I tried a bunch of difference NV drivers, all give the same results (if I could install them). I originally was using the NV driver shipped with CUDA, so it was a more up to date version (using the NV shipped .run installer).

Ok, so I know my images are all the same size, so in theory, could I just allocate at startup a vector/array of ofTexures, and then just populate those on the fly? I did notice that it looks like ofTexture::loadData() is where the high CPU load comes from. Even if I have a vector of ofTextures, I would still need to upload each one, so it seems this function would still be a problem. Would allocating the ofTexture (rather than ofImage) decrease the load caused by ofTexture::loadData() ?
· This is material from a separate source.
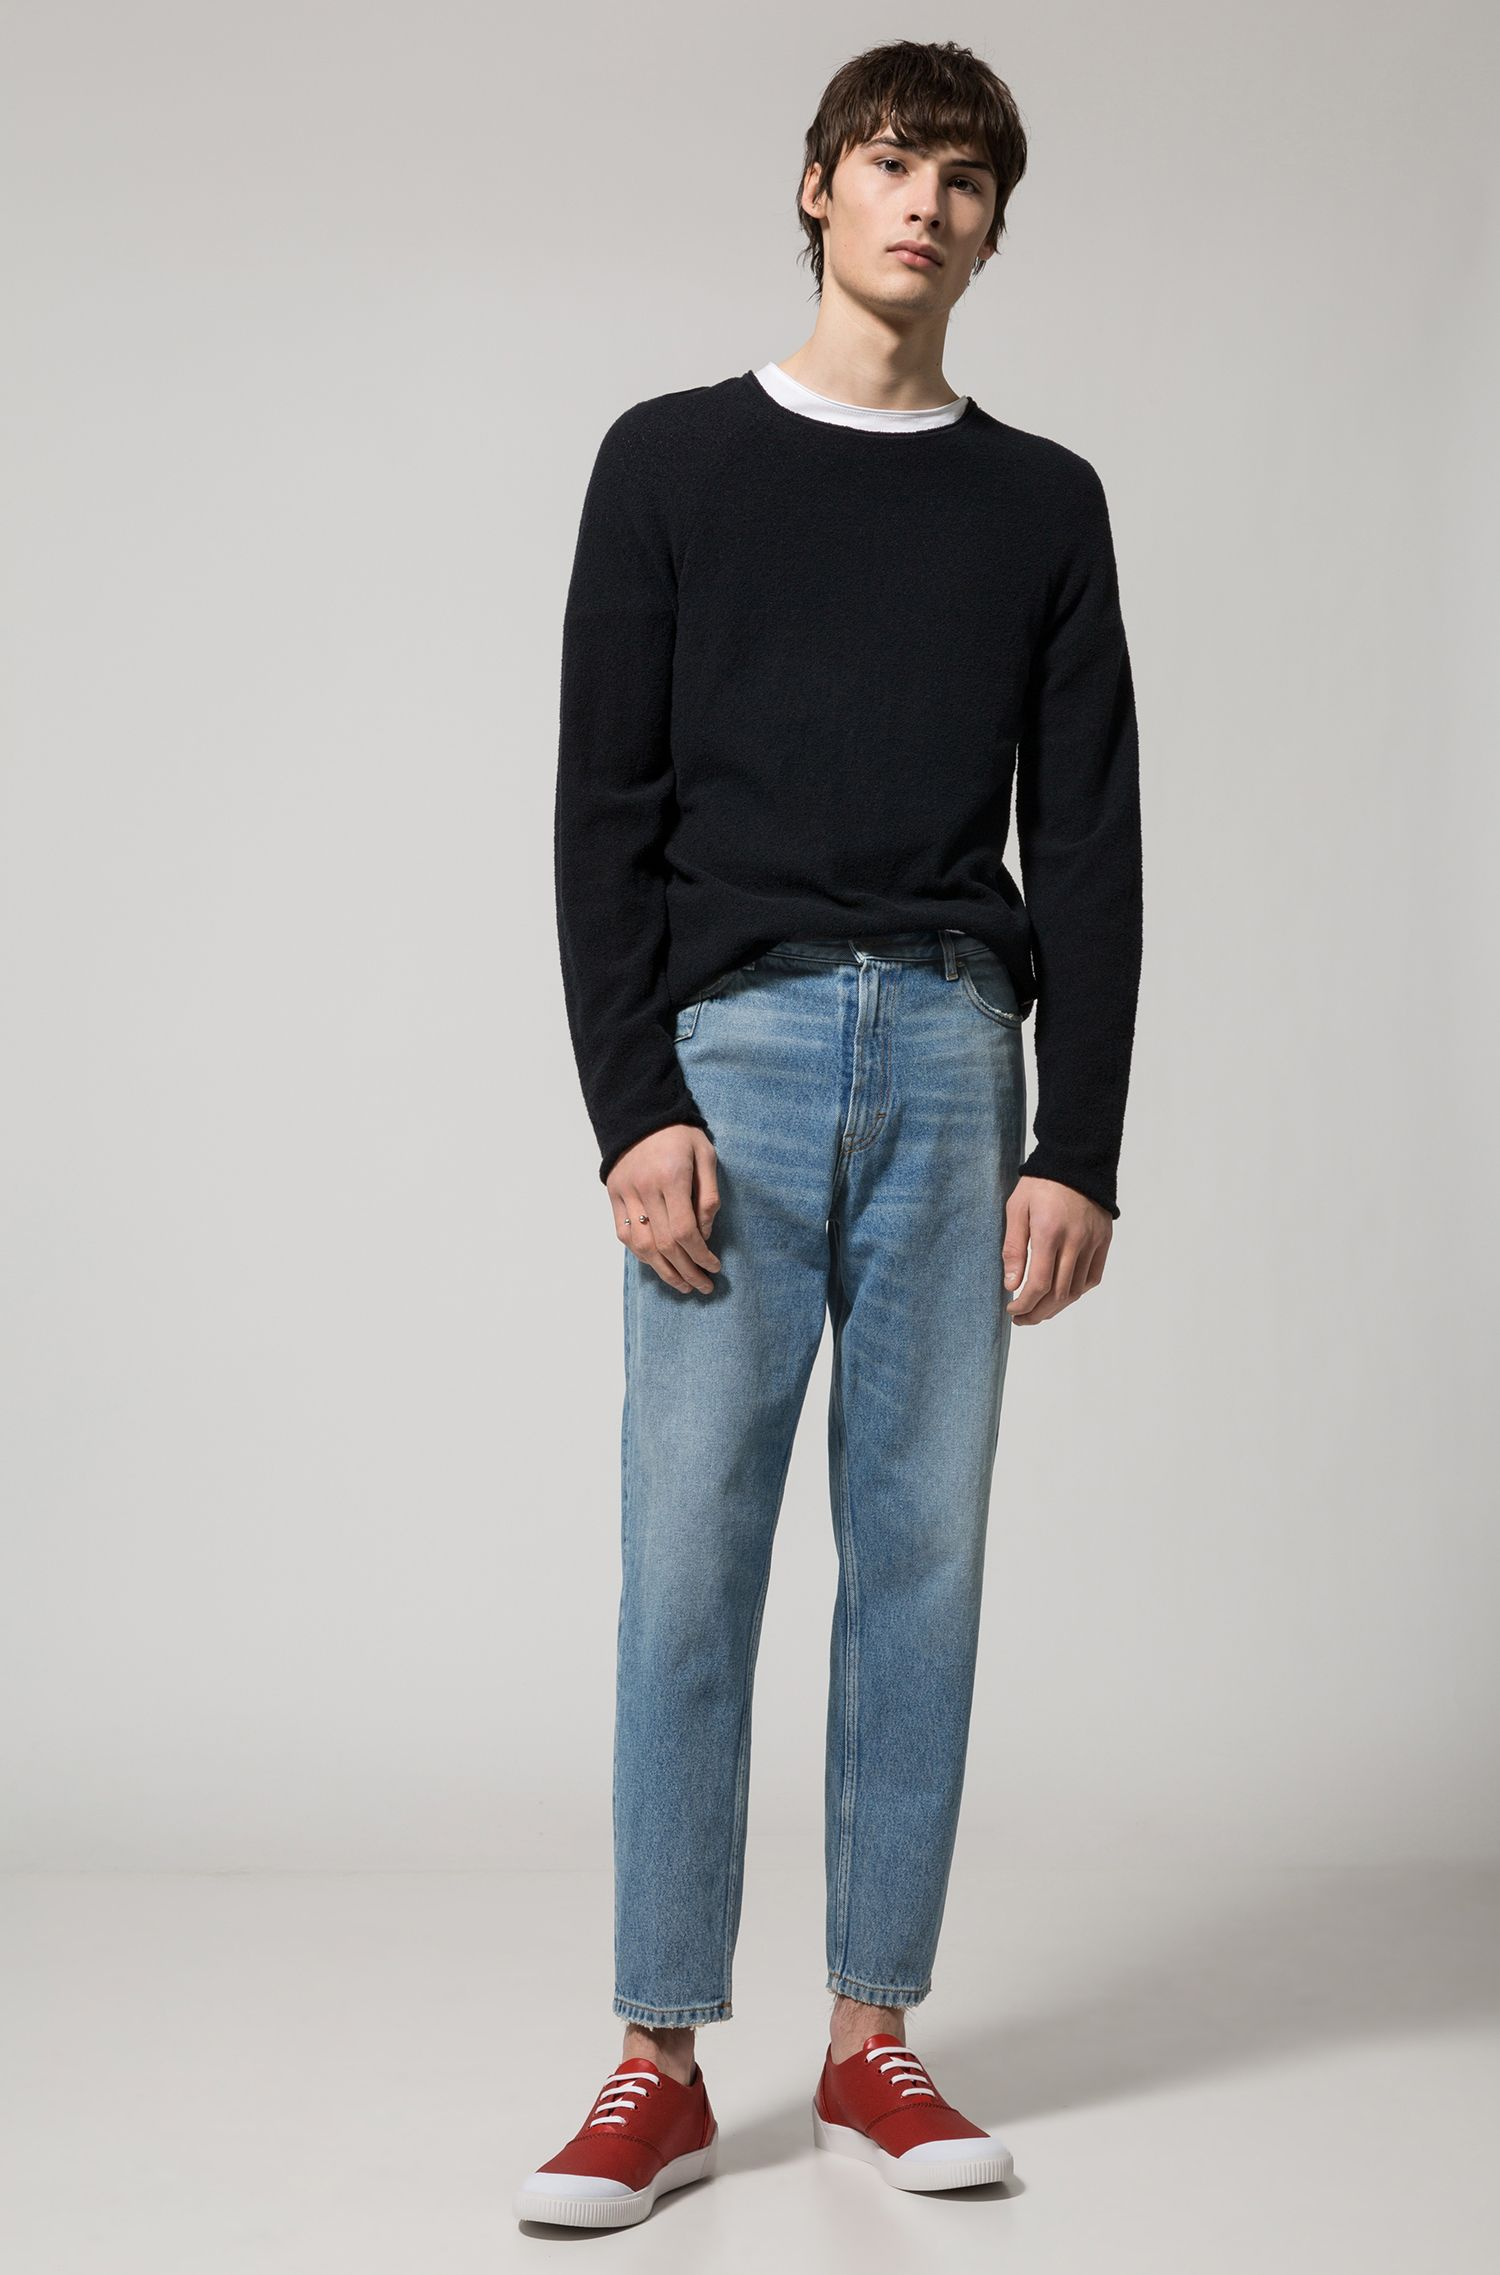 Cotton Blend Boucle Sweater | Solerino

I’ll try that… Still, it seems like a huge issue somewhere, probably in mesa… ugh.

I did try allocating the ofImage outside of the loop, but it makes no discernible difference. It really seems to be reducible to ofTexture::loadData(). I’ve installed the -dbg packages for the debug symbols for the mesa packages, but I still can’t see what calls inside loadData() are causing the issue, only memory locations. Which debug packages need I install to see what is going on? I installed:

freeglut3-dbg
libc6-dbg
libegl1-mesa-dbg
libegl1-mesa-drivers-dbg
libgl1-mesa-dri-dbg
libgl1-mesa-glx-dbg
libglapi-mesa-dbg
libgles2-mesa-dbg
libopenvg1-mesa-dbg
libwayland-egl1-mesa-dbg
libxcb-glx0-dbg

I’ve uploaded my callgrind output here: I don’t know enough to understand what part of the loadData() implementation could be at fault.

I’m showing a work that uses this code at ISEA in Dubai, and leaving in a couple days. I think I’ll have to admit defeat and forgo the smooth transitions I had working at a higher frame-rate. Disappointing to say the least.

I will have to figure out this mess at some point though…

Thanks for your help Arturo and Kyle.

not sure what might be going on i’m on ubuntu 14.10 and the performance seems to be the same as before, i have the standard driver though

if you are using OF from the master branch in github, you can use ofBufferObject to upload the data, which should be faster than using ofTexture loadData and can be even done in a different thread. if you are on 0.8.4 you can use https://github.com/arturoc/ofxPBO which also uses gl buffers to upload textures in different threads.

What versions of the mesa packages do you have installed? I can try installing those particular versions. Since I changed so many variables, I don’t expect it’s the NV driver, but some strange interaction between NV and mesa. I see the implementation of loadData() is quite different in the nightly build, so I’ll try that first and then have a look at PBO.

Do you have any example code using the PBO?

If you’re using the NV driver and Mesa, then you’re on the open source drivers, right? Have you tried with the proprietary ones?